:: EXTRACTED RECORDS ::
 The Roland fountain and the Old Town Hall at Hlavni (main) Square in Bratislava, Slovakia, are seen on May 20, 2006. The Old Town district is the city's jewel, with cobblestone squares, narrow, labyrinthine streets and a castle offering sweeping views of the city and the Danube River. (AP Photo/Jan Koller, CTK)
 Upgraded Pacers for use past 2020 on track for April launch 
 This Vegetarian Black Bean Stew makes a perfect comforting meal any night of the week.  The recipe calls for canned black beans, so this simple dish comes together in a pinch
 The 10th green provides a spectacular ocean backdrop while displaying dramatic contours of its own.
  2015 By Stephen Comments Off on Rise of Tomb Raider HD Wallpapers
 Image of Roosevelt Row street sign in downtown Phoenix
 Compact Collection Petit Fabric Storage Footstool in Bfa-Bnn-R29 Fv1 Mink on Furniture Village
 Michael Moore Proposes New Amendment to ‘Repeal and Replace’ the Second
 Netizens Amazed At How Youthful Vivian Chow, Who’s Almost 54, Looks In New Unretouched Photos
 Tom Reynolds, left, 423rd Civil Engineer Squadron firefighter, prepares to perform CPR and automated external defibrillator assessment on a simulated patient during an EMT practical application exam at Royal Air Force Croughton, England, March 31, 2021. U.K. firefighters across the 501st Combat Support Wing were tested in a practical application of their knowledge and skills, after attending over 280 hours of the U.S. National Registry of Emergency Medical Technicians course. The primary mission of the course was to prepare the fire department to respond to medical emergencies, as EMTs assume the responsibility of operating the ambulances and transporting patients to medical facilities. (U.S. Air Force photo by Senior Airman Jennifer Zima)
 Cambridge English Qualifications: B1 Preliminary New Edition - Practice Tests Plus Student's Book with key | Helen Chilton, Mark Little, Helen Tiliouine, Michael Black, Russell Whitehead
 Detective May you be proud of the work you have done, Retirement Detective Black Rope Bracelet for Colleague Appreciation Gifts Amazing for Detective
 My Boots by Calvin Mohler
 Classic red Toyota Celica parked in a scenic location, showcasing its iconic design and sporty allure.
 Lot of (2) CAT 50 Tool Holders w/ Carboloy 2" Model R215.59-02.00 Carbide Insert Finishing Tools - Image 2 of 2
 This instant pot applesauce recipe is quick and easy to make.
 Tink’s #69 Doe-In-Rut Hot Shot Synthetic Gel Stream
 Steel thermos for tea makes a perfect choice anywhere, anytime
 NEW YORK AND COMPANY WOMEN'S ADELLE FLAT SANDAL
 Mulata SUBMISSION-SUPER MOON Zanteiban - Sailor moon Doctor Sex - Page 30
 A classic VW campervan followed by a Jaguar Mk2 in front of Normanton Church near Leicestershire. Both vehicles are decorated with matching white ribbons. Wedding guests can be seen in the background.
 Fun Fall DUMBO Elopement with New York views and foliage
:::
-- WORK TO BE COMPLETED --
Would you return the full set of entries, unchanged in every detail?

-- TASK RESPONSE --
 The Roland fountain and the Old Town Hall at Hlavni (main) Square in Bratislava, Slovakia, are seen on May 20, 2006. The Old Town district is the city's jewel, with cobblestone squares, narrow, labyrinthine streets and a castle offering sweeping views of the city and the Danube River. (AP Photo/Jan Koller, CTK)
 Upgraded Pacers for use past 2020 on track for April launch 
 This Vegetarian Black Bean Stew makes a perfect comforting meal any night of the week.  The recipe calls for canned black beans, so this simple dish comes together in a pinch
 The 10th green provides a spectacular ocean backdrop while displaying dramatic contours of its own.
  2015 By Stephen Comments Off on Rise of Tomb Raider HD Wallpapers
 Image of Roosevelt Row street sign in downtown Phoenix
 Compact Collection Petit Fabric Storage Footstool in Bfa-Bnn-R29 Fv1 Mink on Furniture Village
 Michael Moore Proposes New Amendment to ‘Repeal and Replace’ the Second
 Netizens Amazed At How Youthful Vivian Chow, Who’s Almost 54, Looks In New Unretouched Photos
 Tom Reynolds, left, 423rd Civil Engineer Squadron firefighter, prepares to perform CPR and automated external defibrillator assessment on a simulated patient during an EMT practical application exam at Royal Air Force Croughton, England, March 31, 2021. U.K. firefighters across the 501st Combat Support Wing were tested in a practical application of their knowledge and skills, after attending over 280 hours of the U.S. National Registry of Emergency Medical Technicians course. The primary mission of the course was to prepare the fire department to respond to medical emergencies, as EMTs assume the responsibility of operating the ambulances and transporting patients to medical facilities. (U.S. Air Force photo by Senior Airman Jennifer Zima)
 Cambridge English Qualifications: B1 Preliminary New Edition - Practice Tests Plus Student's Book with key | Helen Chilton, Mark Little, Helen Tiliouine, Michael Black, Russell Whitehead
 Detective May you be proud of the work you have done, Retirement Detective Black Rope Bracelet for Colleague Appreciation Gifts Amazing for Detective
 My Boots by Calvin Mohler
 Classic red Toyota Celica parked in a scenic location, showcasing its iconic design and sporty allure.
 Lot of (2) CAT 50 Tool Holders w/ Carboloy 2" Model R215.59-02.00 Carbide Insert Finishing Tools - Image 2 of 2
 This instant pot applesauce recipe is quick and easy to make.
 Tink’s #69 Doe-In-Rut Hot Shot Synthetic Gel Stream
 Steel thermos for tea makes a perfect choice anywhere, anytime
 NEW YORK AND COMPANY WOMEN'S ADELLE FLAT SANDAL
 Mulata SUBMISSION-SUPER MOON Zanteiban - Sailor moon Doctor Sex - Page 30
 A classic VW campervan followed by a Jaguar Mk2 in front of Normanton Church near Leicestershire. Both vehicles are decorated with matching white ribbons. Wedding guests can be seen in the background.
 Fun Fall DUMBO Elopement with New York views and foliage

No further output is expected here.